Índices de selección, fenotípicos y moleculares, en caña de azúcar
Doctorando: Fredy Rosales-Longo, Fitomejorador de CENGICAÑA, Guatemala. Tutores: Dr. José Luis Quemé (Cengicaña, USAC, Guatemala), Dr. Santiago Pereira (USC, España).
El Centro Guatemalteco de Investigación y Capacitación de la Caña de Azúcar (CENGICAÑA), ejecuta su programa de mejoramiento genético con el objetivo de contribuir con el incremento de la productividad de azúcar. Esto se realiza mediante la generación, selección o adaptación de variedades de caña de azúcar de altas producciones de caña y altos rendimientos de azúcar. Cómo parte de la problemática en el mejoramiento genético se tiene que la información sobre investigación en el Estado III de selección del Programa de Variedades de CENGICAÑA, no se explota en todo su potencial. Esta información se utiliza en forma discreta y sin auxilios estadísticos y/o de mejora genética, esto limita las actividades de selección. Los objetivos del presente trabajo sona. Estudiar una serie de marcadores de ADN (SSR) para la caracterización genotípica de cultivares de caña de azúcar y b. evaluar tresmetodologías para el cómputo de índices de selección con base a información fenotípica y genotípica en genotipos de caña de azúcar. Se conducirán dos conjuntos de experimentos. El primero serán dos ensayos con 200 progenies de una cruza de dos parentales genéticamente contrastantes (CG97-97 X CP57-603) a fin de realizar la generación de información fenotípica y genotípica de utilidad en la generación de índices de selección. El segundo grupo de experimentos serán cuatro ensayos en el campo con cerca 100 variedades diferentes cada uno (en dos sitios diferentes y en dos épocas contrastantes) con el objeto de caracterizarlas fenotípicamente y conjuntamente con la información genotípica evaluar tres metodologías de generación de índices de selección, de tal manera que con su utilización, se logre el perfeccionamiento de las técnicas de selección y mejoramiento dentro del programa de variedades de CENGICAÑA, y que a su vez incida en una selección apropiada el Estado III de selección.

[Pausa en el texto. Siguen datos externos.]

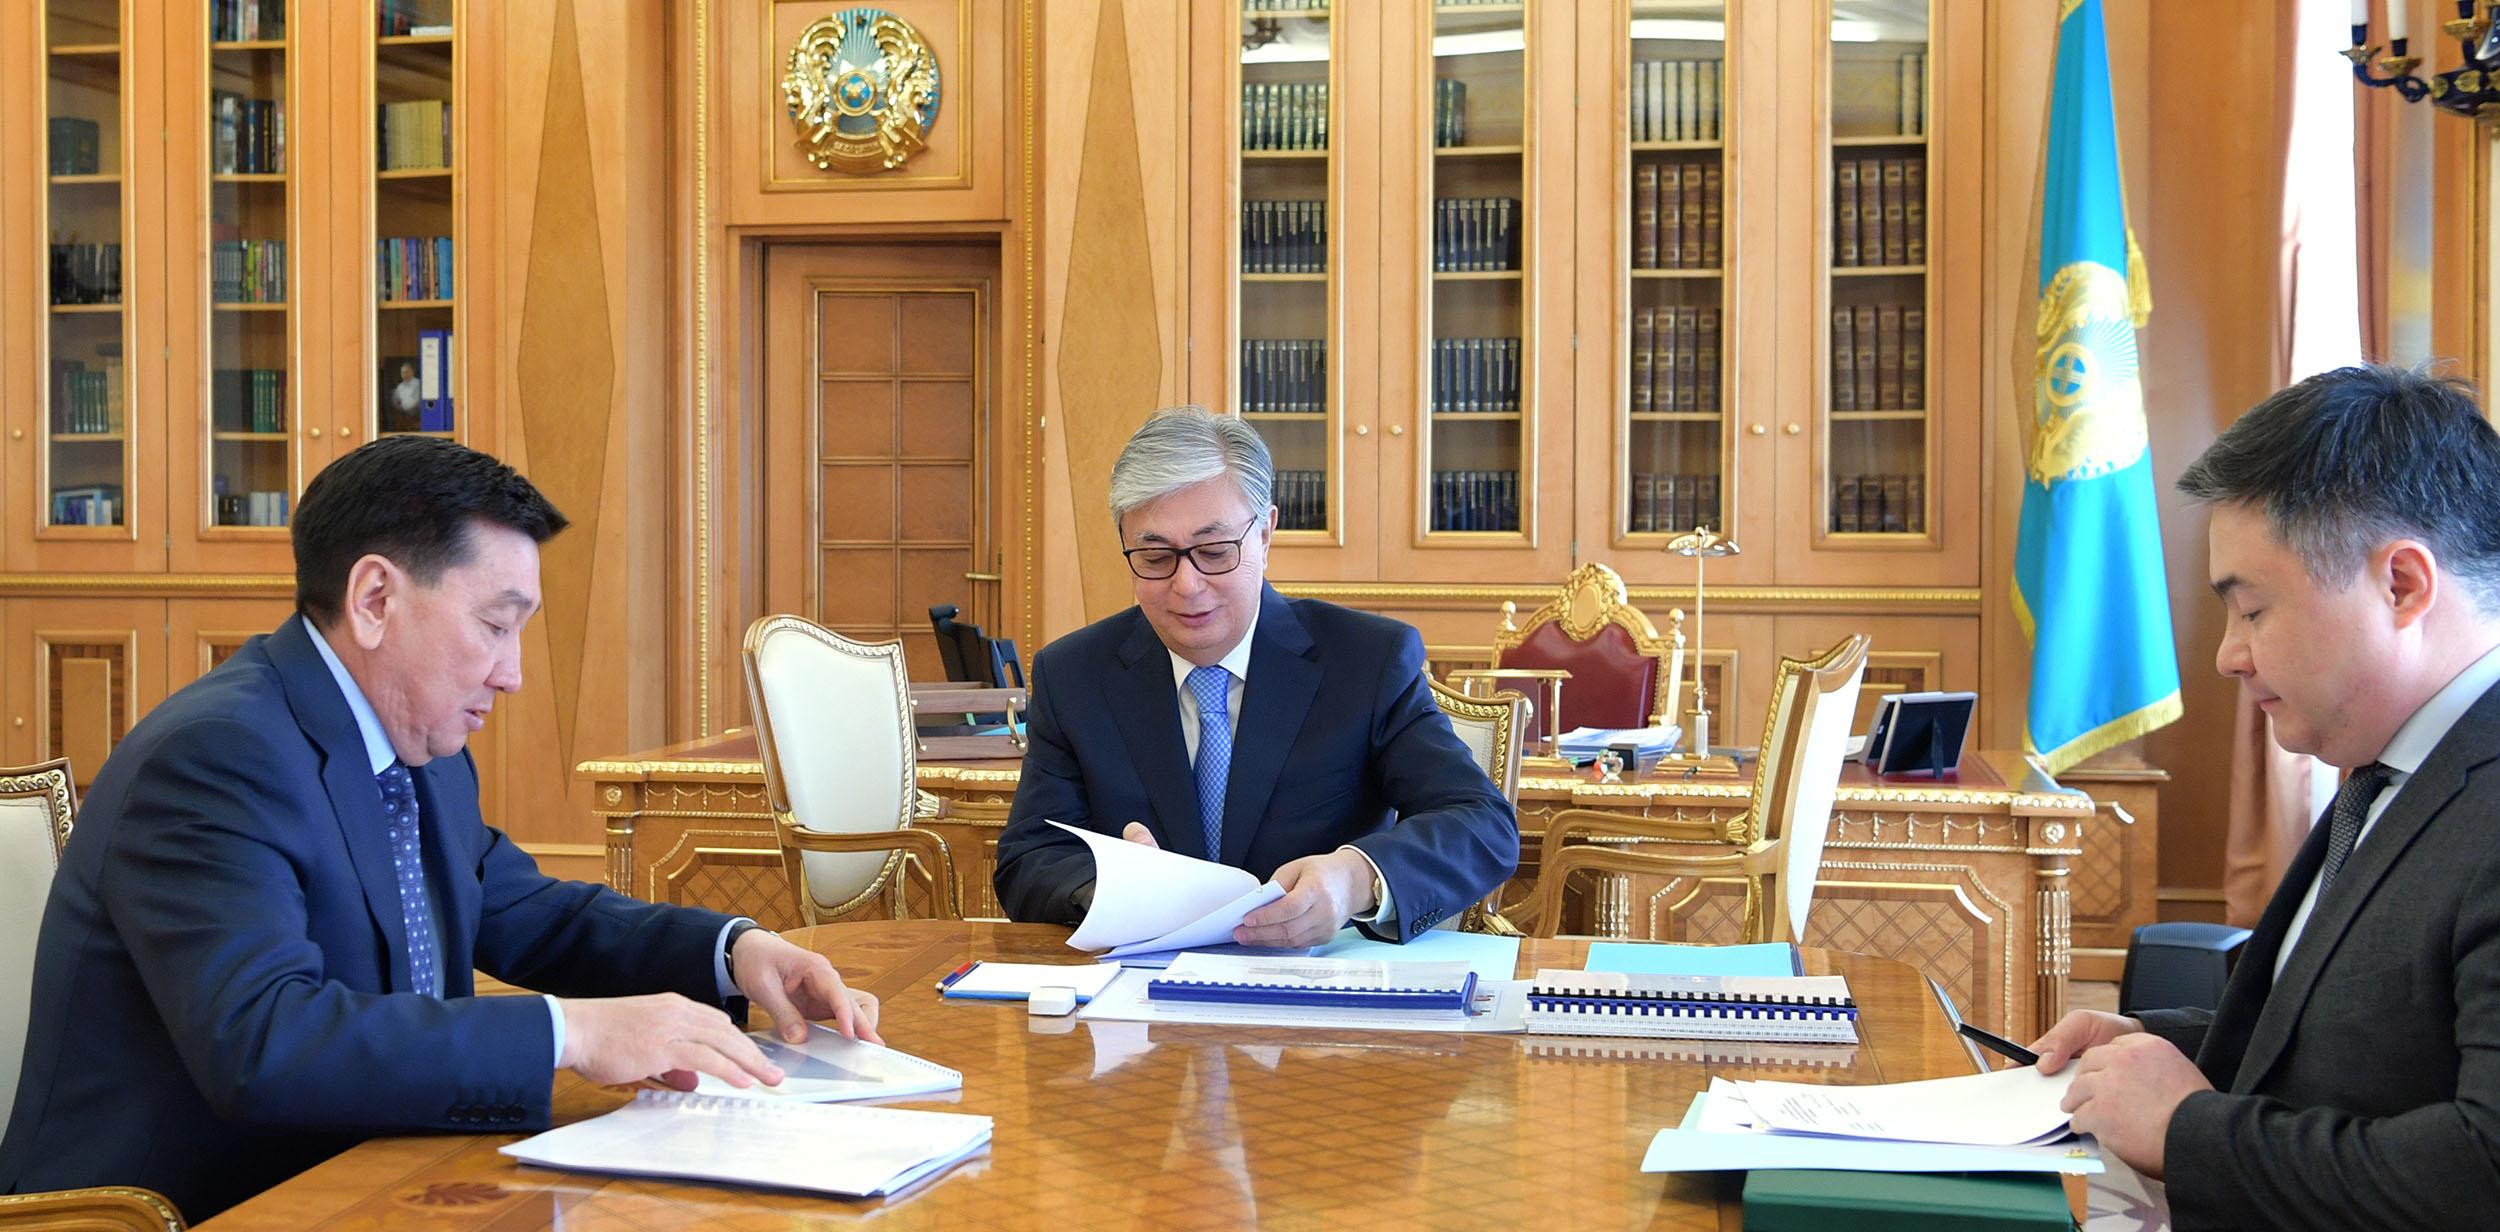 Президент РК поручил руководству КМГ завершить в срок все начатые инвестиционные проекты
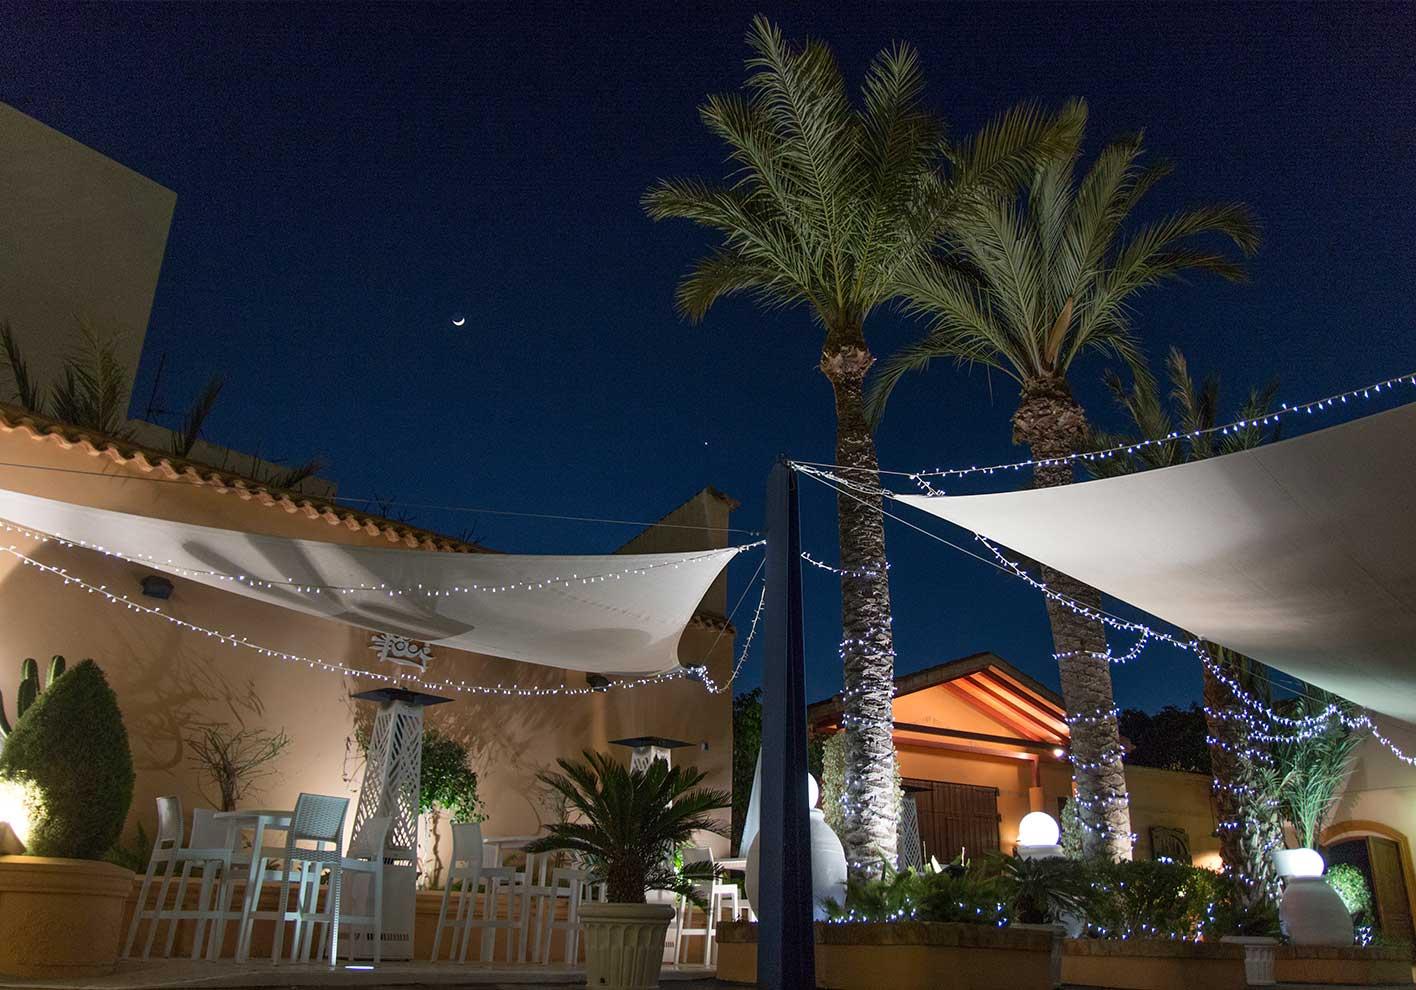 More Facilities Hotel Restaurante Terraza Carmona In Vera

PHENOTYPIC AND MOLECULAR SELECTION INDEXES IN SUGARCANE
The Varieties program from the Guatemalan Sugarcane Research and Training Centre (CENGICAÑA) runs its breeding program to contribute with the rise of the Guatemalan sugar productivity; this is done mainly through the generation, selection and/or adaptation of high performance sugarcane genotypes. One of the problems to solve into the breeding program is the little use of the information generated in the Selection Stage III; this hampers and limits the finding of good genotypes. The objectives of the present research work are: a. to study a DNA markers series, in order to DNA-fingerprint sugarcane varieties, and b. to test three methodologies of selection indexes computing, based on phenotyped and genotyped sugarcane varieties. It will be carried on two sets of experiments. The first one will be composed with two field trials where 200 offspring from the cross of CG97-97(female) X CP57-603 (male) will be assessed in order to genotyped them. With the survey of a set of primers, DNA markers (SSR mainly) will be generated, and these, jointly with the phenotypic information, are going to be useful to generate selection indexes. The second group of experiments will be four field trials with near 100 different varieties on each one (two locations in two different seasons). The varieties in these trials will be phenotyped and jointly with the genotypic information, the three selection-indexes-generation methodologies will be assessed. The suitable methodology (ies) will be used in the sugarcane breeding program in order to optimize the selection and breeding techniques in the CENGICAÑA’s breeding program, particularly in the Selection Stage III making a better use of the information on it.